§ **Work item**: All records below must be retyped exactly.

§ **Study material**:
--- START ---

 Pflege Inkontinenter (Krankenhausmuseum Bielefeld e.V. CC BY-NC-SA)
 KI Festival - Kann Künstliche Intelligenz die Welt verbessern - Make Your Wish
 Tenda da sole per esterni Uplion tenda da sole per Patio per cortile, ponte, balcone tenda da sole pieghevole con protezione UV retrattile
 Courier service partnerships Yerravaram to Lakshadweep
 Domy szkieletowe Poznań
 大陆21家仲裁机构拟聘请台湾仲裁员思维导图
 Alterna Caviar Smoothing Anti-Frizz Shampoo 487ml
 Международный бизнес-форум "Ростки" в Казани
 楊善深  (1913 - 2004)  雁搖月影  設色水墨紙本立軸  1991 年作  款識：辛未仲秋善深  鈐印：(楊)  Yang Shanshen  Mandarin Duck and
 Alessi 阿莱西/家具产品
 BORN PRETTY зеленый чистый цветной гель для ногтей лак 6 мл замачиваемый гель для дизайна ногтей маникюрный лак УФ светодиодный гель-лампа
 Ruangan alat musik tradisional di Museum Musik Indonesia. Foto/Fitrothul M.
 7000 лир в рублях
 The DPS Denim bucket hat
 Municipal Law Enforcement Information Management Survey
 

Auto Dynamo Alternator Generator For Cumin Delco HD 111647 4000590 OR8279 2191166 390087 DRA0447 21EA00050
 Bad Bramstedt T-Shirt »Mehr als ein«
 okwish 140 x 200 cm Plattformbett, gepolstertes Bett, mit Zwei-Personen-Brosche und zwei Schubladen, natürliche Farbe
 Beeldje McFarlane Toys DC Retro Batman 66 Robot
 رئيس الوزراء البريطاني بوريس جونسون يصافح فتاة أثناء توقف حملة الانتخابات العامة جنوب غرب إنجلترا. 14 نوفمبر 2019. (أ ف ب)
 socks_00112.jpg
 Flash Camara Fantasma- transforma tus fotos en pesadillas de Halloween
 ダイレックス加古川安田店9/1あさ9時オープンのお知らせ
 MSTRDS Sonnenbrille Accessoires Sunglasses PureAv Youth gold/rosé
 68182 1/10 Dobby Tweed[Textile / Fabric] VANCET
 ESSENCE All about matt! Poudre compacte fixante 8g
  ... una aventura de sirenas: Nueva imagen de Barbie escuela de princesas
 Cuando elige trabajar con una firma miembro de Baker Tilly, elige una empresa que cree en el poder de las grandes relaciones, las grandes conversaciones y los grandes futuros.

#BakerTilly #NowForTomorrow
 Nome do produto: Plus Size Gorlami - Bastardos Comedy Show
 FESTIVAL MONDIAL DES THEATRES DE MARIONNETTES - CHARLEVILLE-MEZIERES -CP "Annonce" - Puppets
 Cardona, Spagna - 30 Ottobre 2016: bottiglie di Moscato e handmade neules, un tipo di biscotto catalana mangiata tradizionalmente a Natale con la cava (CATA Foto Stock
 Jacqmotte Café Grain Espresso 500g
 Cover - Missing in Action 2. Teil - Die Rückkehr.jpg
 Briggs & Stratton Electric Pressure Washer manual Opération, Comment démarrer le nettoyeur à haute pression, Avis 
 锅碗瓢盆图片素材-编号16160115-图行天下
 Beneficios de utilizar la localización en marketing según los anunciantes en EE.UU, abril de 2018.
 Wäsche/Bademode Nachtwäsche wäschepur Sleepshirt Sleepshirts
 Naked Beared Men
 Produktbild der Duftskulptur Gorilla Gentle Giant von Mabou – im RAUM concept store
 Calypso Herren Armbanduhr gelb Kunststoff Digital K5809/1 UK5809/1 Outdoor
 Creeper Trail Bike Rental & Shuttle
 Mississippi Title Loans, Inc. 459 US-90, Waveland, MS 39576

--- END ---

§ **Solved exercise**:
 Pflege Inkontinenter (Krankenhausmuseum Bielefeld e.V. CC BY-NC-SA)
 KI Festival - Kann Künstliche Intelligenz die Welt verbessern - Make Your Wish
 Tenda da sole per esterni Uplion tenda da sole per Patio per cortile, ponte, balcone tenda da sole pieghevole con protezione UV retrattile
 Courier service partnerships Yerravaram to Lakshadweep
 Domy szkieletowe Poznań
 大陆21家仲裁机构拟聘请台湾仲裁员思维导图
 Alterna Caviar Smoothing Anti-Frizz Shampoo 487ml
 Международный бизнес-форум "Ростки" в Казани
 楊善深  (1913 - 2004)  雁搖月影  設色水墨紙本立軸  1991 年作  款識：辛未仲秋善深  鈐印：(楊)  Yang Shanshen  Mandarin Duck and
 Alessi 阿莱西/家具产品
 BORN PRETTY зеленый чистый цветной гель для ногтей лак 6 мл замачиваемый гель для дизайна ногтей маникюрный лак УФ светодиодный гель-лампа
 Ruangan alat musik tradisional di Museum Musik Indonesia. Foto/Fitrothul M.
 7000 лир в рублях
 The DPS Denim bucket hat
 Municipal Law Enforcement Information Management Survey
 

Auto Dynamo Alternator Generator For Cumin Delco HD 111647 4000590 OR8279 2191166 390087 DRA0447 21EA00050
 Bad Bramstedt T-Shirt »Mehr als ein«
 okwish 140 x 200 cm Plattformbett, gepolstertes Bett, mit Zwei-Personen-Brosche und zwei Schubladen, natürliche Farbe
 Beeldje McFarlane Toys DC Retro Batman 66 Robot
 رئيس الوزراء البريطاني بوريس جونسون يصافح فتاة أثناء توقف حملة الانتخابات العامة جنوب غرب إنجلترا. 14 نوفمبر 2019. (أ ف ب)
 socks_00112.jpg
 Flash Camara Fantasma- transforma tus fotos en pesadillas de Halloween
 ダイレックス加古川安田店9/1あさ9時オープンのお知らせ
 MSTRDS Sonnenbrille Accessoires Sunglasses PureAv Youth gold/rosé
 68182 1/10 Dobby Tweed[Textile / Fabric] VANCET
 ESSENCE All about matt! Poudre compacte fixante 8g
  ... una aventura de sirenas: Nueva imagen de Barbie escuela de princesas
 Cuando elige trabajar con una firma miembro de Baker Tilly, elige una empresa que cree en el poder de las grandes relaciones, las grandes conversaciones y los grandes futuros.

#BakerTilly #NowForTomorrow
 Nome do produto: Plus Size Gorlami - Bastardos Comedy Show
 FESTIVAL MONDIAL DES THEATRES DE MARIONNETTES - CHARLEVILLE-MEZIERES -CP "Annonce" - Puppets
 Cardona, Spagna - 30 Ottobre 2016: bottiglie di Moscato e handmade neules, un tipo di biscotto catalana mangiata tradizionalmente a Natale con la cava (CATA Foto Stock
 Jacqmotte Café Grain Espresso 500g
 Cover - Missing in Action 2. Teil - Die Rückkehr.jpg
 Briggs & Stratton Electric Pressure Washer manual Opération, Comment démarrer le nettoyeur à haute pression, Avis 
 锅碗瓢盆图片素材-编号16160115-图行天下
 Beneficios de utilizar la localización en marketing según los anunciantes en EE.UU, abril de 2018.
 Wäsche/Bademode Nachtwäsche wäschepur Sleepshirt Sleepshirts
 Naked Beared Men
 Produktbild der Duftskulptur Gorilla Gentle Giant von Mabou – im RAUM concept store
 Calypso Herren Armbanduhr gelb Kunststoff Digital K5809/1 UK5809/1 Outdoor
 Creeper Trail Bike Rental & Shuttle
 Mississippi Title Loans, Inc. 459 US-90, Waveland, MS 39576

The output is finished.